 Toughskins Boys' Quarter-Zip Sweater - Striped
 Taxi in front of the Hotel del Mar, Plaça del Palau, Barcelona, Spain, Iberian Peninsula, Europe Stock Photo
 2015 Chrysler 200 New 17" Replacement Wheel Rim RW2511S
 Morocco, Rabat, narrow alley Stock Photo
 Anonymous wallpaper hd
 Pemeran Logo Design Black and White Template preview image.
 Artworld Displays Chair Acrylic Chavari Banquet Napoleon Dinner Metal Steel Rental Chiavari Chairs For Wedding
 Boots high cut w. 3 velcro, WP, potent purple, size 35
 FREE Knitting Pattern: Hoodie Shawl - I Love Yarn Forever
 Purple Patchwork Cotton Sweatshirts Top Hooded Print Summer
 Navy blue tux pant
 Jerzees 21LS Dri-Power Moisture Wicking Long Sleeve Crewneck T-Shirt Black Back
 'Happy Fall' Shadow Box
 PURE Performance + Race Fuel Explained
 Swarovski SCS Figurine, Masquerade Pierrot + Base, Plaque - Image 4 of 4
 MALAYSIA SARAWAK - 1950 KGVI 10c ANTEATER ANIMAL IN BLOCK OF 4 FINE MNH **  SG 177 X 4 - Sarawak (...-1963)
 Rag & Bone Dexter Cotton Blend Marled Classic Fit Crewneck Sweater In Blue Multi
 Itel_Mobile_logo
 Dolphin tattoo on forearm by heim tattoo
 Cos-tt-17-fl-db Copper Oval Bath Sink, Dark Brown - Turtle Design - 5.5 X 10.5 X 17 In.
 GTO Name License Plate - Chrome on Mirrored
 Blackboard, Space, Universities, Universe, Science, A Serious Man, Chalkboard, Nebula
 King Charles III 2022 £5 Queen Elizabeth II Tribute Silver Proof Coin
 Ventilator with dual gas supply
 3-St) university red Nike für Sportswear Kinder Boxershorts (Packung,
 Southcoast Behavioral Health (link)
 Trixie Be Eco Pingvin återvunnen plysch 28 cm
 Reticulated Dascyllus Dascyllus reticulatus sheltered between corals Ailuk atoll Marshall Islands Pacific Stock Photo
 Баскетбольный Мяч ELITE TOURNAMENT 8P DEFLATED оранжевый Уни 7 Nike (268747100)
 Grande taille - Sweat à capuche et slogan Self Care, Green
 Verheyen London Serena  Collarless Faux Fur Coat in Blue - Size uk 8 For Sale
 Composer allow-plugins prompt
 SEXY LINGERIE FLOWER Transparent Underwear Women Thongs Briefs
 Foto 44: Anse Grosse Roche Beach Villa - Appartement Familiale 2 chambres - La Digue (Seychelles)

+===+

• **Exercise description**
Output the whole listing exactly.

• **Expected answer**
 Toughskins Boys' Quarter-Zip Sweater - Striped
 Taxi in front of the Hotel del Mar, Plaça del Palau, Barcelona, Spain, Iberian Peninsula, Europe Stock Photo
 2015 Chrysler 200 New 17" Replacement Wheel Rim RW2511S
 Morocco, Rabat, narrow alley Stock Photo
 Anonymous wallpaper hd
 Pemeran Logo Design Black and White Template preview image.
 Artworld Displays Chair Acrylic Chavari Banquet Napoleon Dinner Metal Steel Rental Chiavari Chairs For Wedding
 Boots high cut w. 3 velcro, WP, potent purple, size 35
 FREE Knitting Pattern: Hoodie Shawl - I Love Yarn Forever
 Purple Patchwork Cotton Sweatshirts Top Hooded Print Summer
 Navy blue tux pant
 Jerzees 21LS Dri-Power Moisture Wicking Long Sleeve Crewneck T-Shirt Black Back
 'Happy Fall' Shadow Box
 PURE Performance + Race Fuel Explained
 Swarovski SCS Figurine, Masquerade Pierrot + Base, Plaque - Image 4 of 4
 MALAYSIA SARAWAK - 1950 KGVI 10c ANTEATER ANIMAL IN BLOCK OF 4 FINE MNH **  SG 177 X 4 - Sarawak (...-1963)
 Rag & Bone Dexter Cotton Blend Marled Classic Fit Crewneck Sweater In Blue Multi
 Itel_Mobile_logo
 Dolphin tattoo on forearm by heim tattoo
 Cos-tt-17-fl-db Copper Oval Bath Sink, Dark Brown - Turtle Design - 5.5 X 10.5 X 17 In.
 GTO Name License Plate - Chrome on Mirrored
 Blackboard, Space, Universities, Universe, Science, A Serious Man, Chalkboard, Nebula
 King Charles III 2022 £5 Queen Elizabeth II Tribute Silver Proof Coin
 Ventilator with dual gas supply
 3-St) university red Nike für Sportswear Kinder Boxershorts (Packung,
 Southcoast Behavioral Health (link)
 Trixie Be Eco Pingvin återvunnen plysch 28 cm
 Reticulated Dascyllus Dascyllus reticulatus sheltered between corals Ailuk atoll Marshall Islands Pacific Stock Photo
 Баскетбольный Мяч ELITE TOURNAMENT 8P DEFLATED оранжевый Уни 7 Nike (268747100)
 Grande taille - Sweat à capuche et slogan Self Care, Green
 Verheyen London Serena  Collarless Faux Fur Coat in Blue - Size uk 8 For Sale
 Composer allow-plugins prompt
 SEXY LINGERIE FLOWER Transparent Underwear Women Thongs Briefs
 Foto 44: Anse Grosse Roche Beach Villa - Appartement Familiale 2 chambres - La Digue (Seychelles)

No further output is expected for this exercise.